** Data **
════════════════
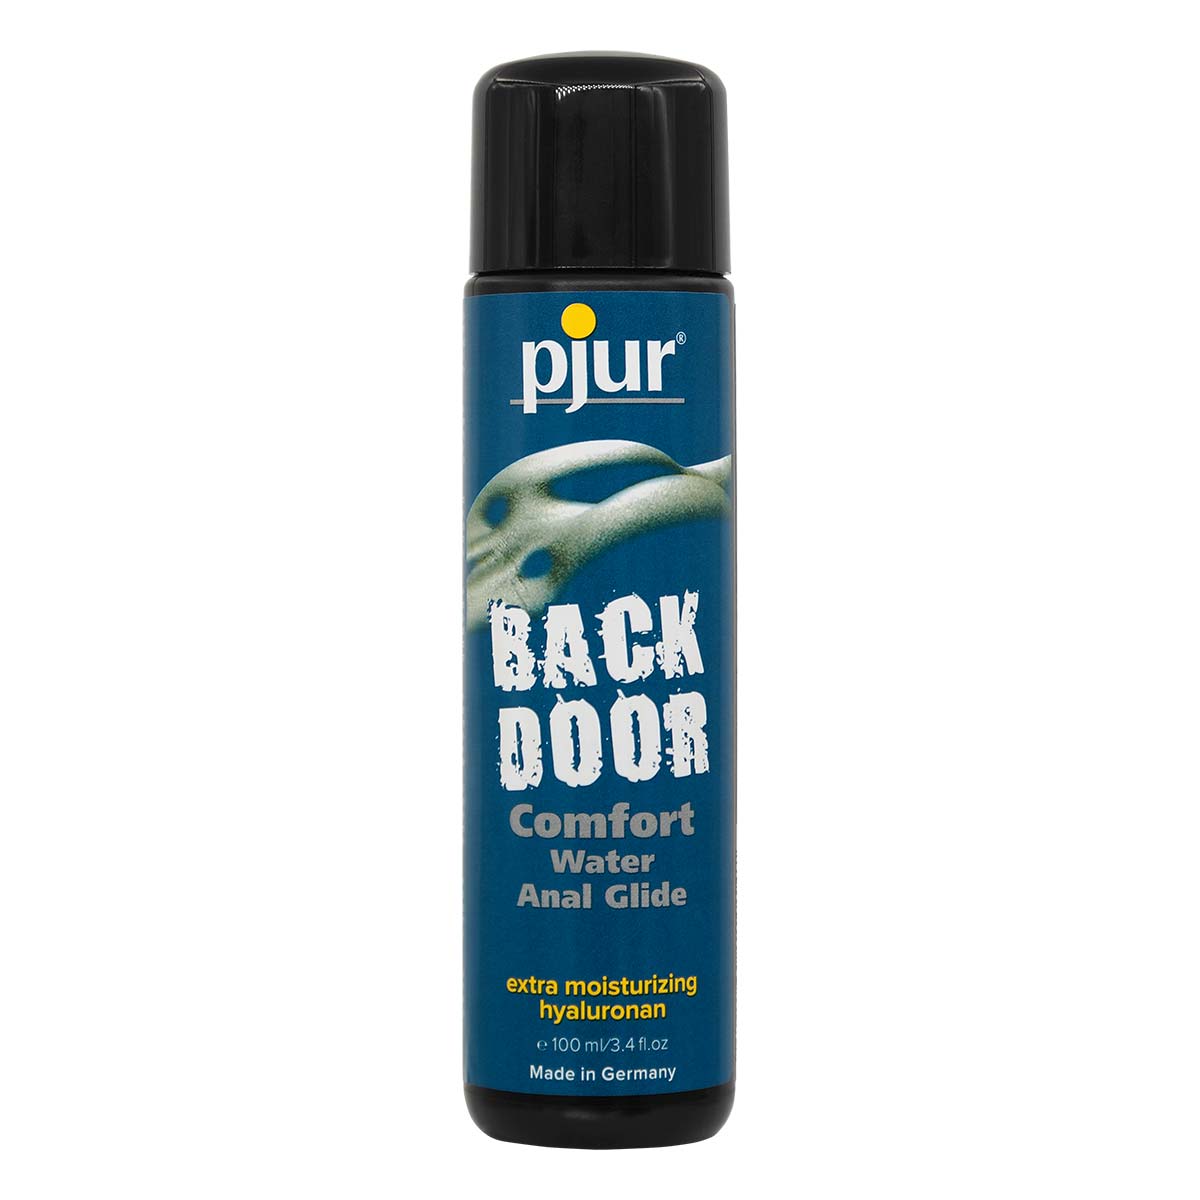 pjur BACK DOOR COMFORT 舒适肛交专用 100ml 水基润滑液-p_2
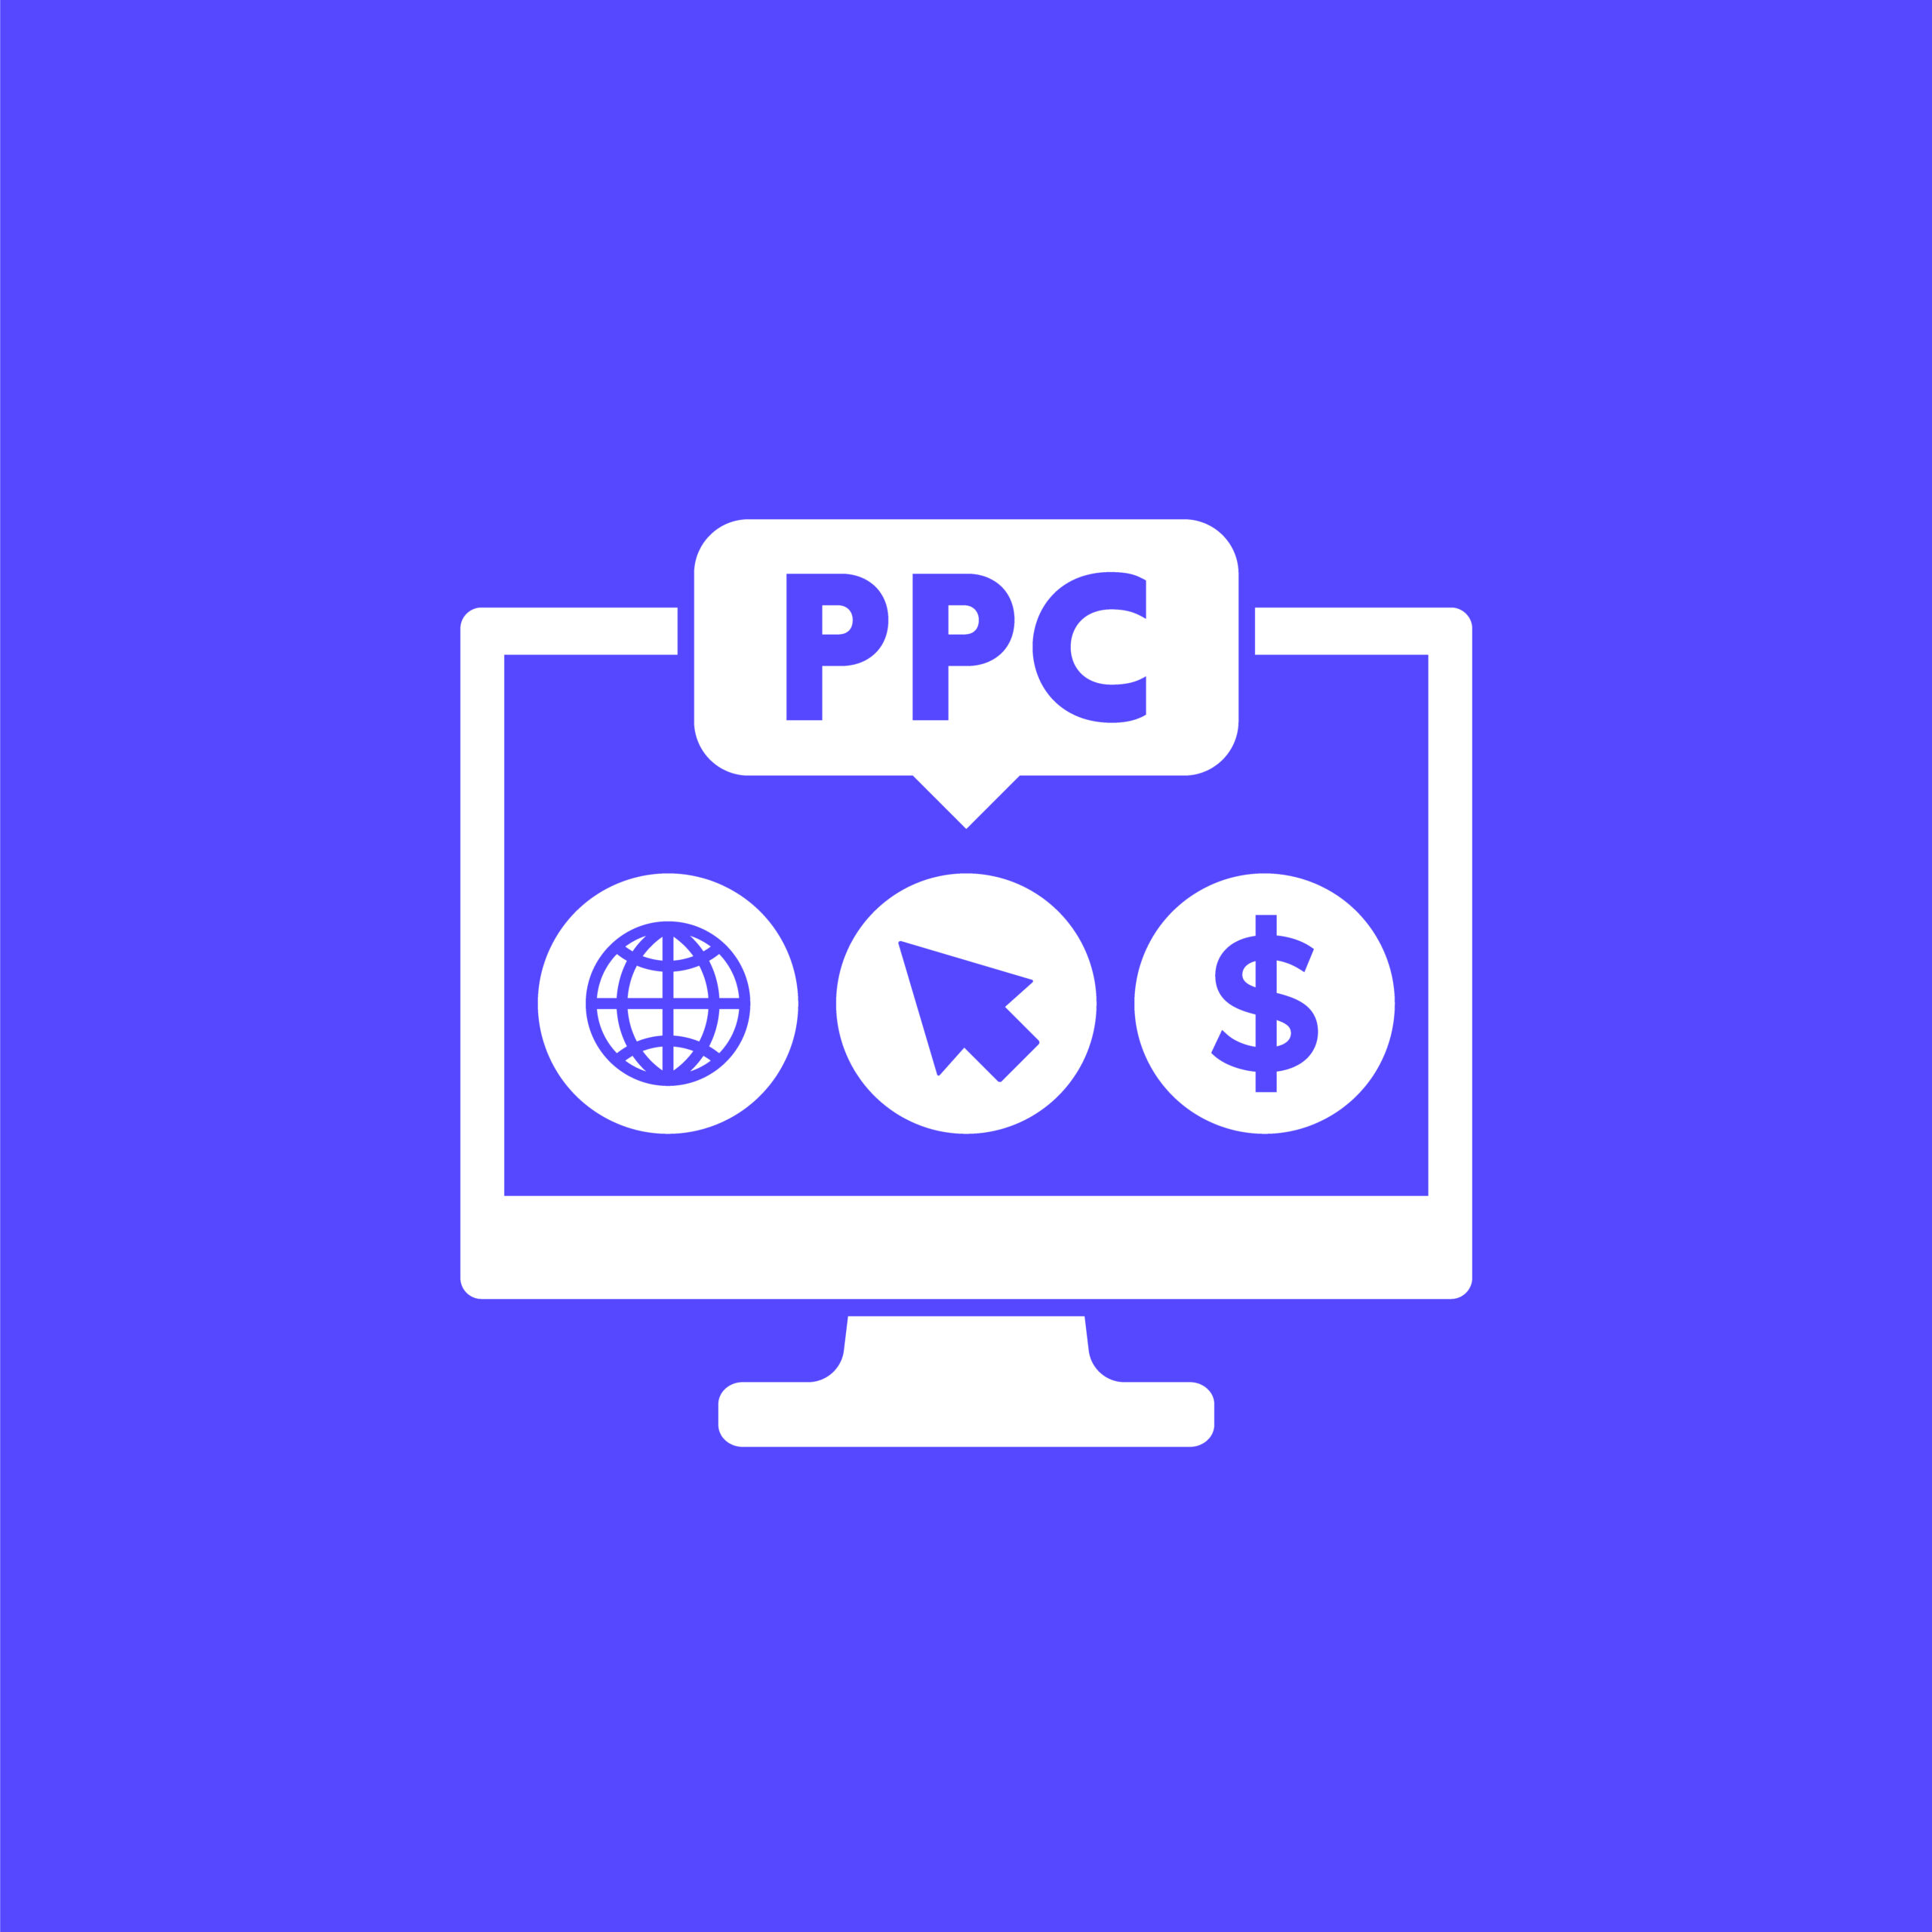 ppc pay per click vector icon for web scaled Jijo Joseph
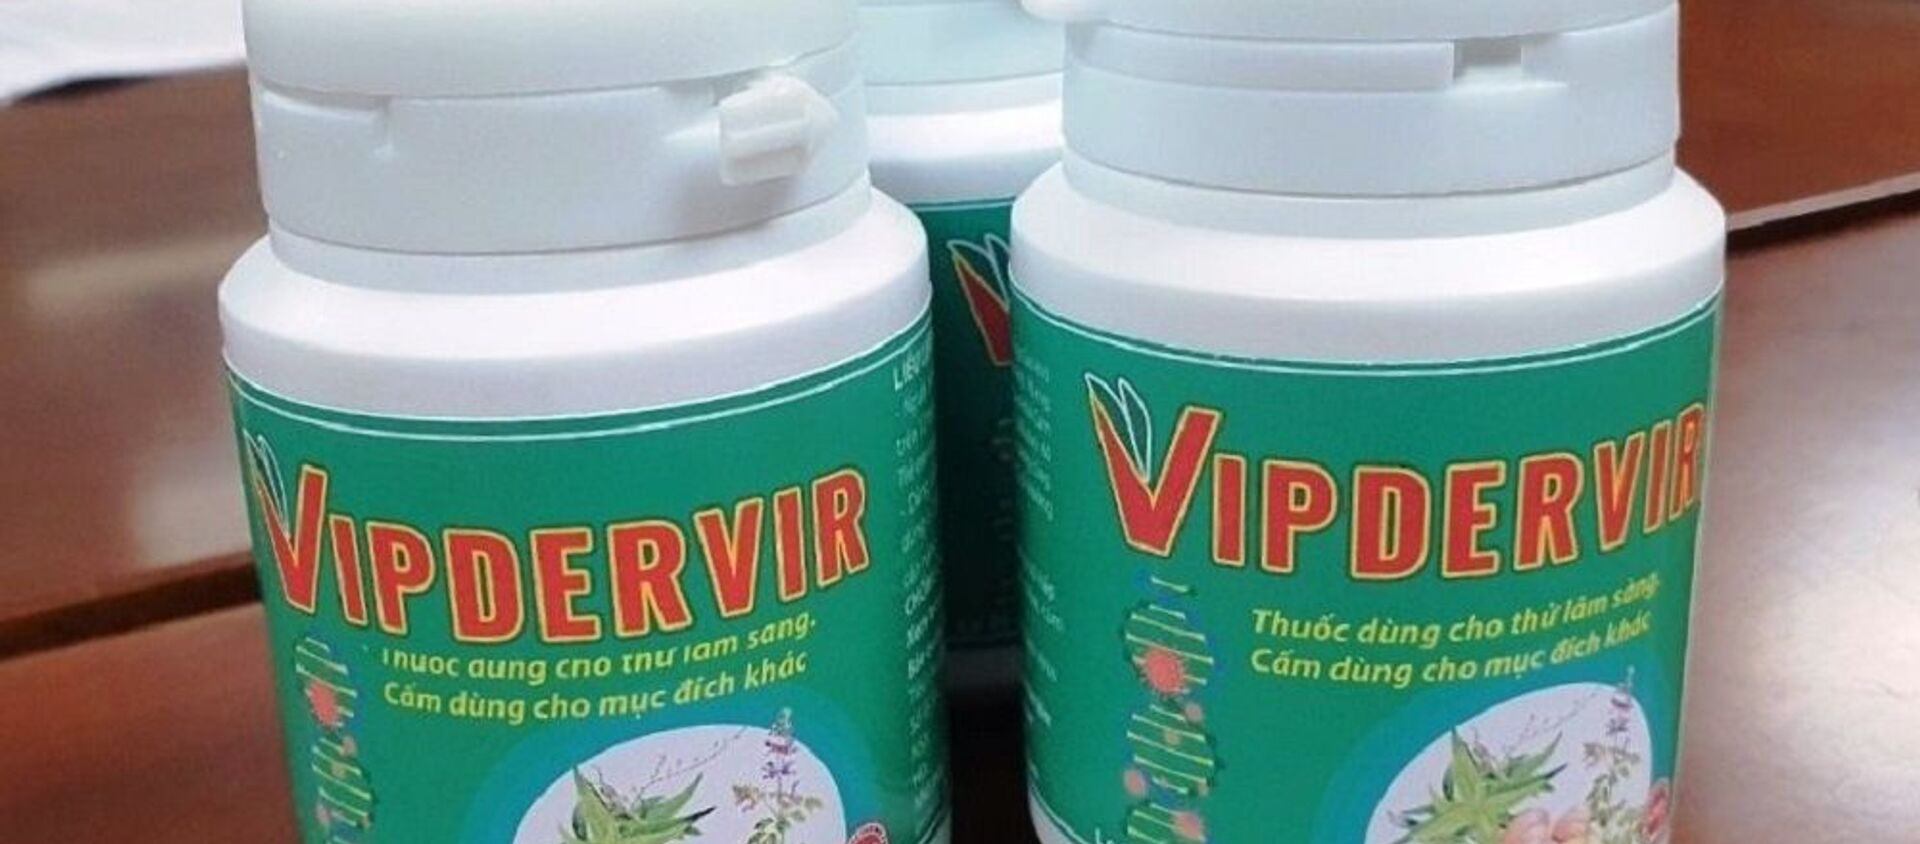 Thuốc VIPDERVIR có tác dụng ức chế sự tăng sinh của virus SARS-CoV-2. - Sputnik Việt Nam, 1920, 10.08.2021
════════════════
** Directions for this task **
In the copy, include no pictures; restate the listing above exactly.

** Exercise response **
 pjur BACK DOOR COMFORT 舒适肛交专用 100ml 水基润滑液-p_2
 ppc pay per click vector icon for web scaled Jijo Joseph
 Thuốc VIPDERVIR có tác dụng ức chế sự tăng sinh của virus SARS-CoV-2. - Sputnik Việt Nam, 1920, 10.08.2021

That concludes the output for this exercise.